Fallback Models and Retry
Fallback models and retry settings are part of a prompt configuration. They let a prompt retry failed calls and, when allowed, move to a backup model.
To configure them in the UI, see Fallback Models and Retry in the Playground.
When you invoke through Agenta
When you invoke a deployed prompt through Agenta, Agenta applies the saved retry and fallback settings for you.
You only send the normal invoke request with your inputs and application reference. Agenta loads the deployed prompt configuration, formats the prompt, and runs the model call.
The request flow is:
- Agenta calls the main model.
- If the call fails, Agenta retries the same model according to the retry settings.
- If the model still fails, Agenta checks the fallback policy.
- If the policy allows that error, Agenta calls the next fallback model.
- Agenta repeats the same retry behavior for each fallback model.
- Agenta returns the first successful response, or returns the final error.

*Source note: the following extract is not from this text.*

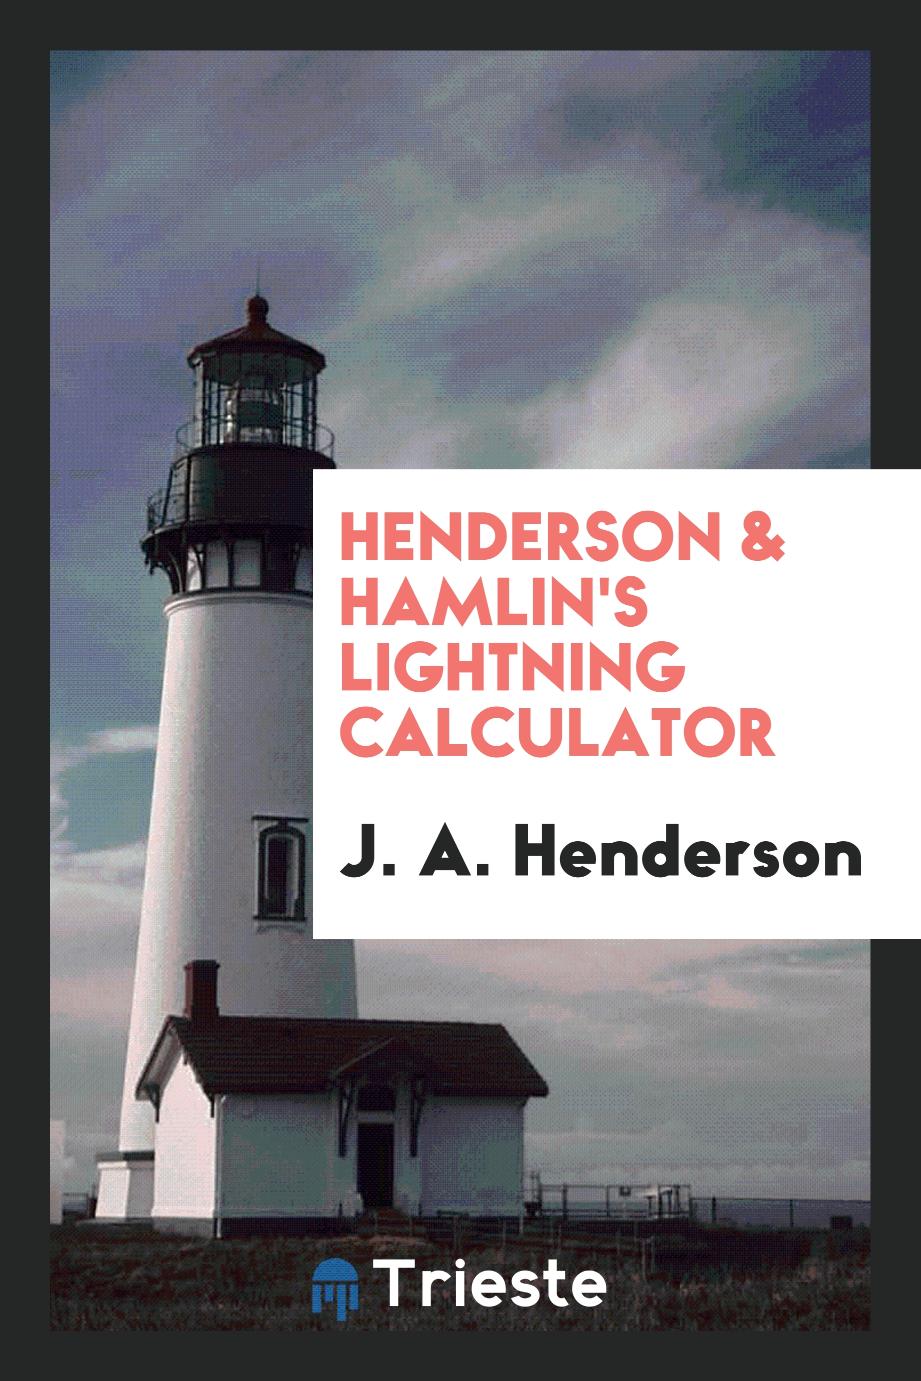 Henderson & Hamlin's Lightning Calculator
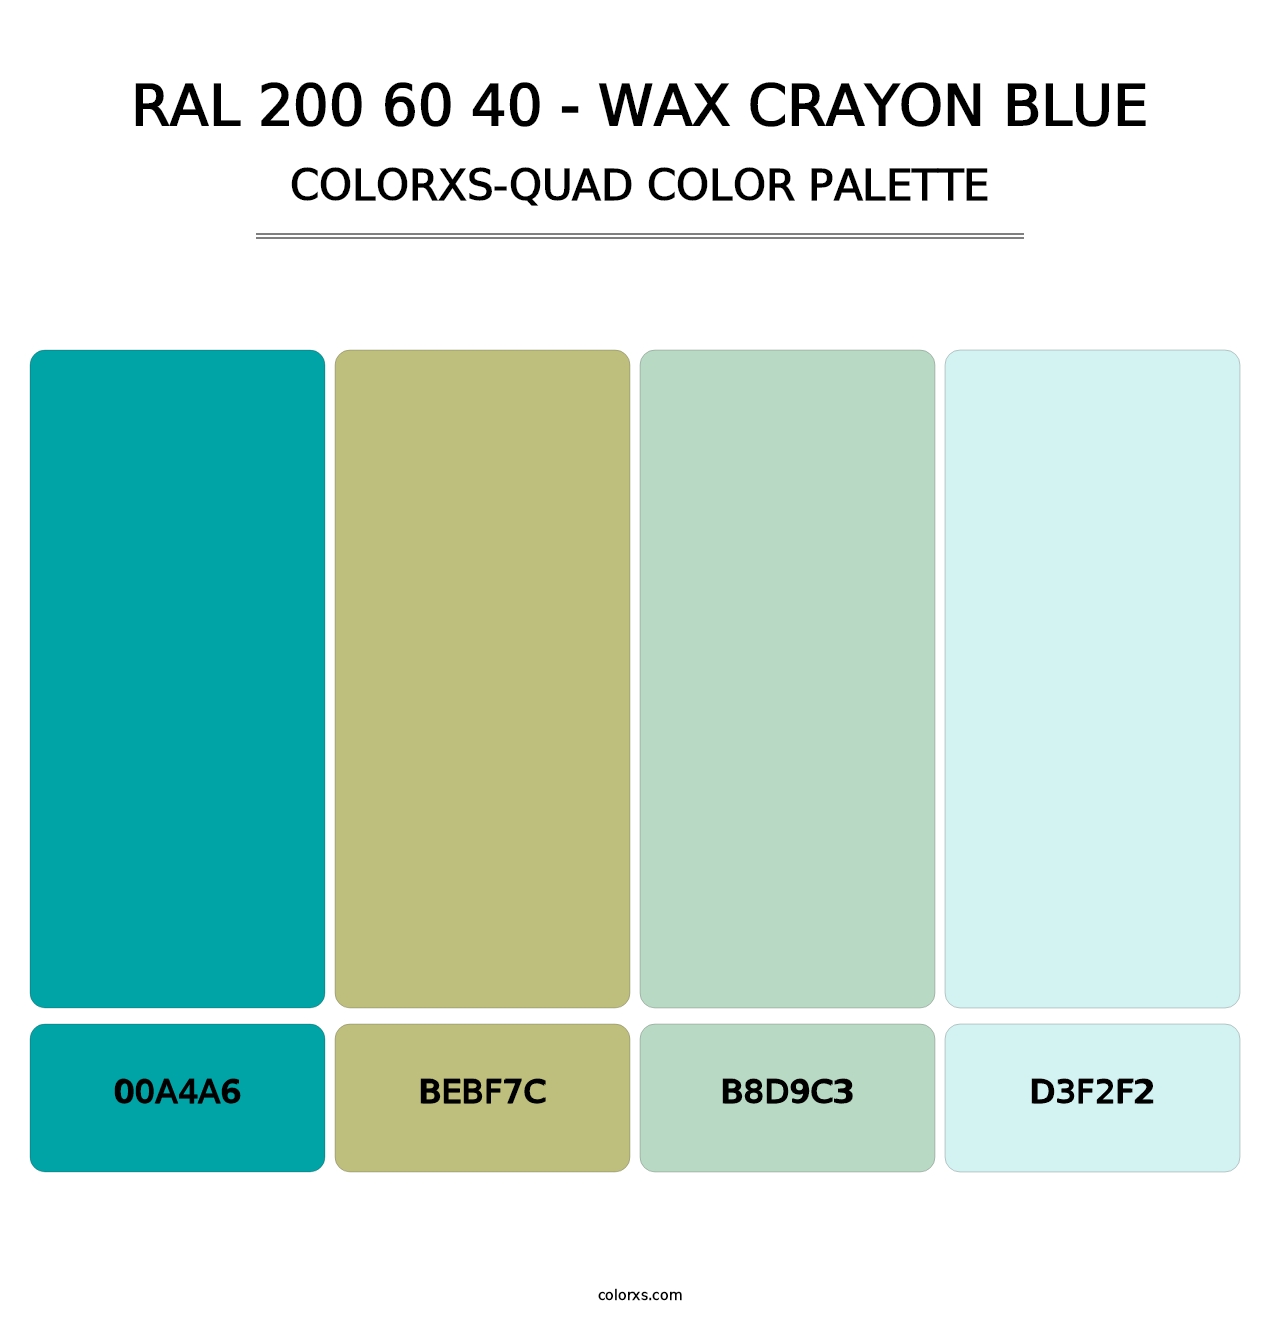 RAL 200 60 40 - Wax Crayon Blue - Colorxs Quad Palette

Retry and fallback are independent. A prompt can have retry without fallback models, fallback models without extra retries, or both.
When you fetch the configuration
When you fetch a prompt configuration and call the provider from your own application, Agenta returns the retry and fallback settings in the configuration. Your application decides how to use them.
Example fetched configuration:
{
"prompt": {
"messages": [
{"role": "system", "content": "You are a helpful assistant."},
{"role": "user", "content": "Answer this: {{question}}"}
],
"llm_config": {
"model": "openai/gpt-4o-mini",
"temperature": 0.2
},
"fallback_configs": [
{
"model": "anthropic/claude-3-5-haiku-latest",
"temperature": 0.2
}
],
"retry_config": {
"max_retries": 1,
"base_delay": 500
},
"retry_policy": "capacity",
"fallback_policy": "capacity",
"template_format": "curly"
}
}
Use these fields if you want your application to match the behavior tested in the playground.
If a prompt has no fallback models, fallback_configs can be empty, null, or missing. If no fallback policy is set, fallback behavior is off. Retry is off unless retry_policy is explicitly set, and retry_config controls the retry count and base delay. The delay between retries doubles on each attempt (exponential backoff): the first retry waits base_delay ms, the second waits base_delay * 2 ms, and so on.